On 23.10.24 08:24, Dmitry Vyukov wrote:
Hi Florian, Lorenzo,
This looks great!
What I am VERY interested in is if poisoned pages cause SIGSEGV even when
the access happens in the kernel. Namely, the syscall still returns EFAULT,
but also SIGSEGV is queued on return to user-space.
Catching bad accesses in system calls is currently the weak spot for
all user-space bug detection tools (GWP-ASan, libefence, libefency, etc).
It's almost possible with userfaultfd, but catching faults in the kernel
requires admin capability, so not really an option for generic bug
detection tools (+inconvinience of userfaultfd setup/handler).
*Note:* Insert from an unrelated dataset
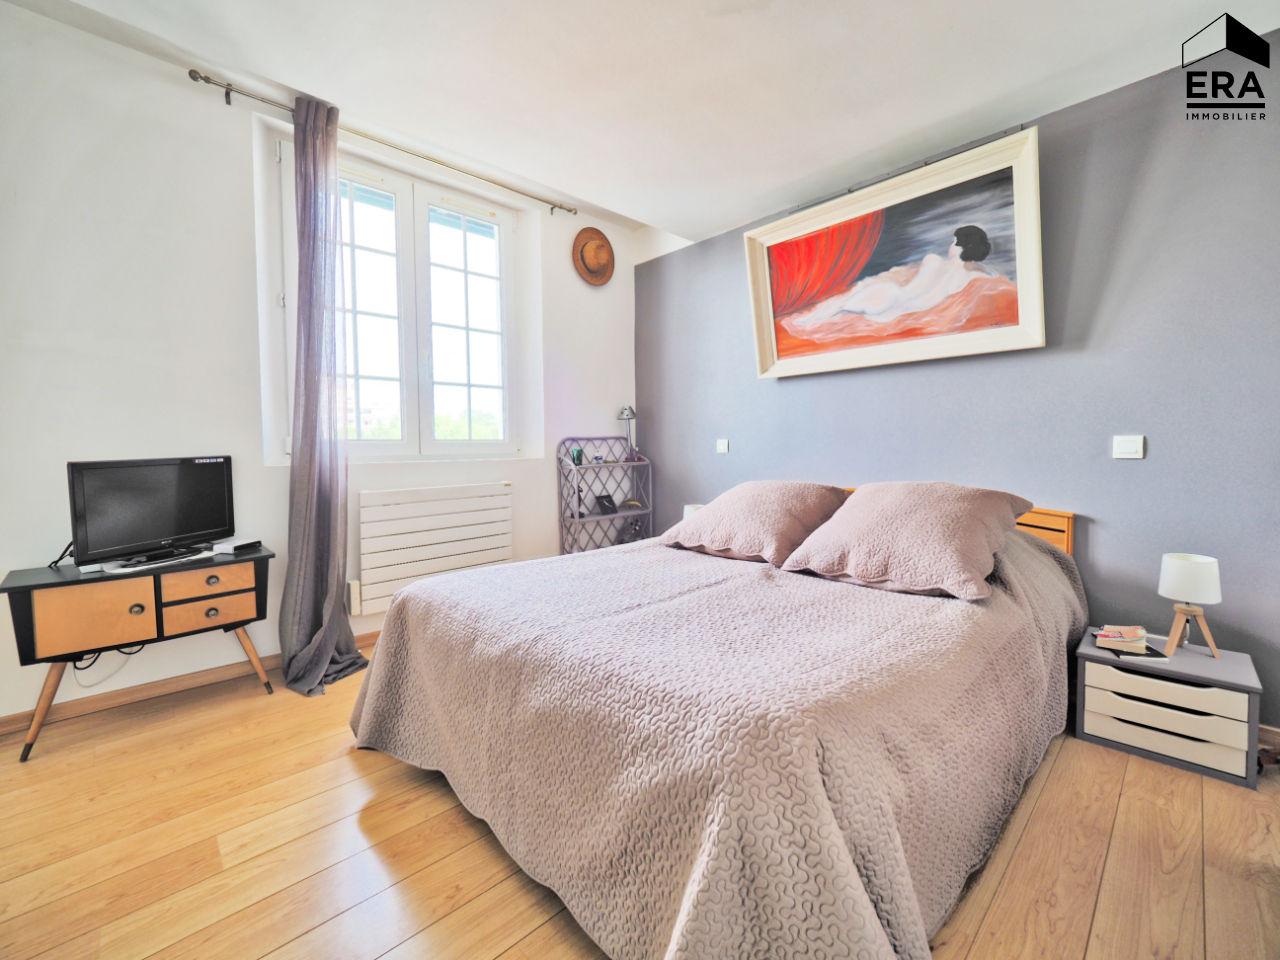 Vente appartement T3  à CIBOURE - 7
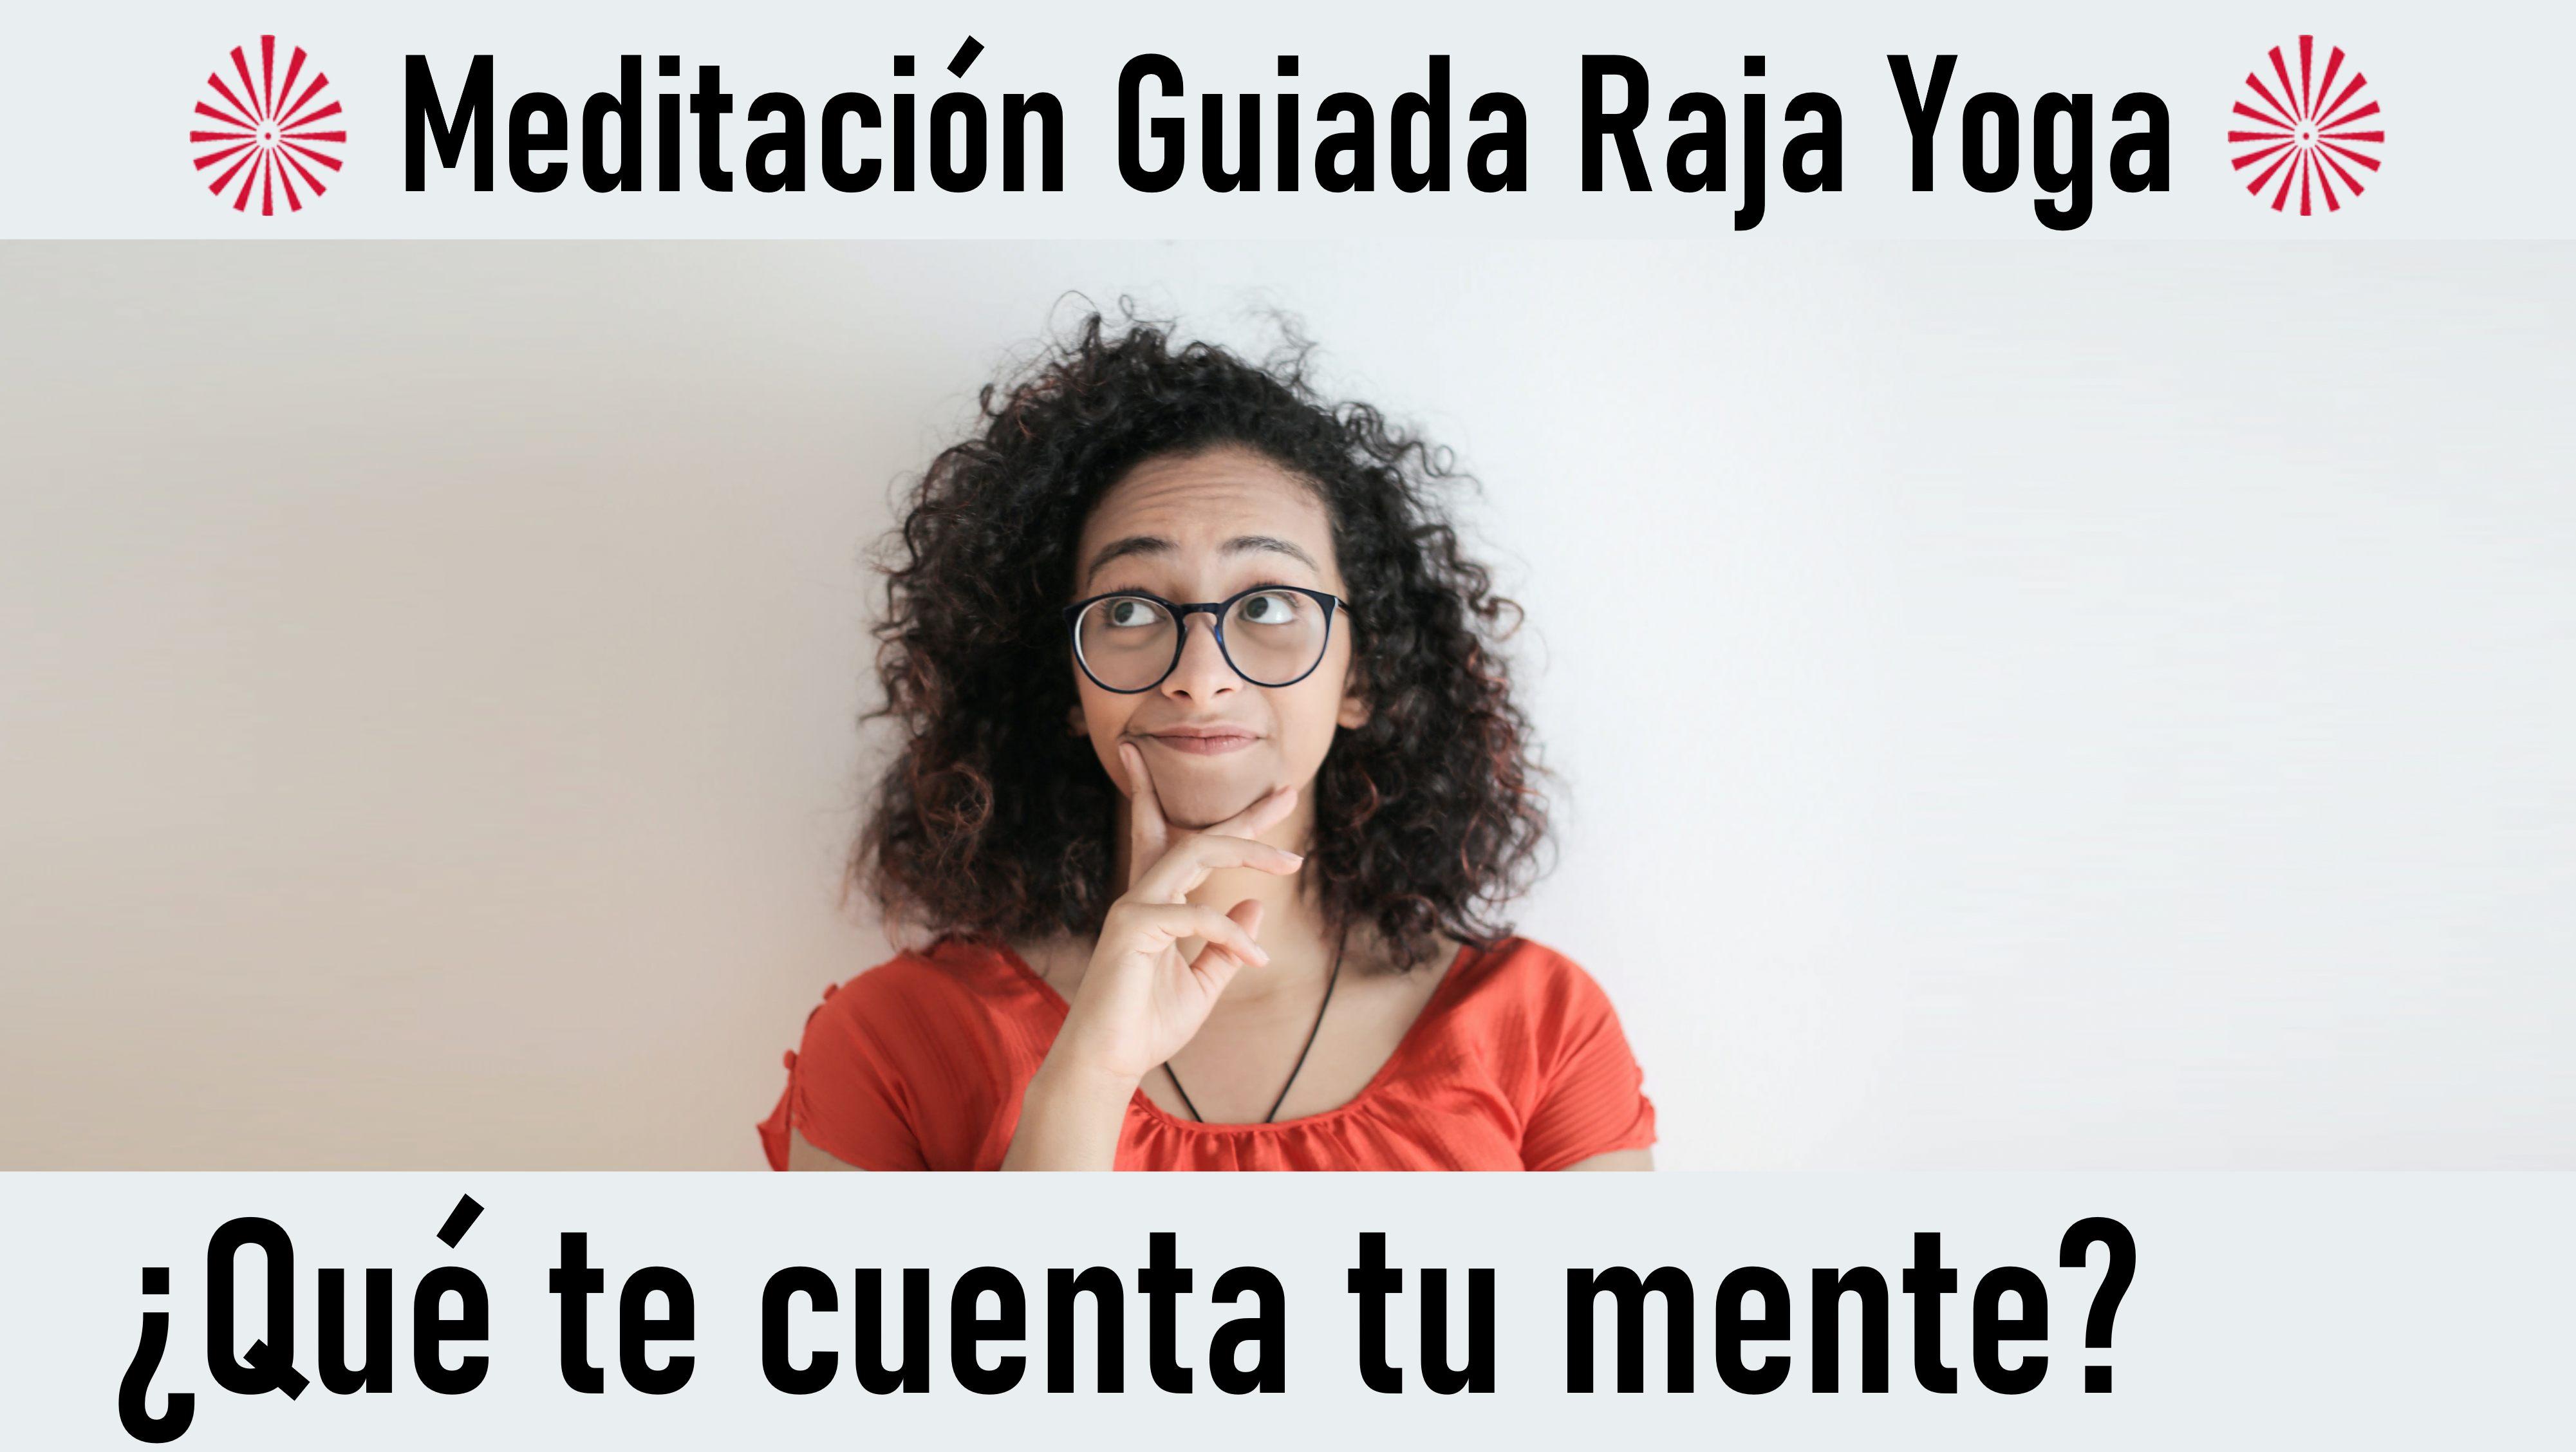 Meditación Raja Yoga: ¿Qué te cuenta tu mente? (21 Septiembre 2020) On-line desde Madrid

Intercepting all EFAULT from syscalls is not generally possible
(w/o ptrace, usually not an option as well), and EFAULT does not always
mean a bug.
Triggering SIGSEGV even in syscalls would be not just a performance
optimization, but a new useful capability that would allow it to catch
more bugs.
Right, we discussed that offline also as a possible extension to the
userfaultfd SIGBUS mode.
I did not look into that yet, but I was wonder if there could be cases
where a different process could trigger that SIGSEGV, and how to (and if
to) handle that.
For example, ptrace (access_remote_vm()) -> GUP likely can trigger that.
I think with userfaultfd() we will currently return -EFAULT, because we
call get_user_page_vma_remote() that is not prepared for dropping the
mmap lock. Possibly that is the right thing to do, but not sure :)
These "remote" faults set FOLL_REMOTE -> FAULT_FLAG_REMOTE, so we might
be able to distinguish them and perform different handling.
--
Cheers,
David / dhildenb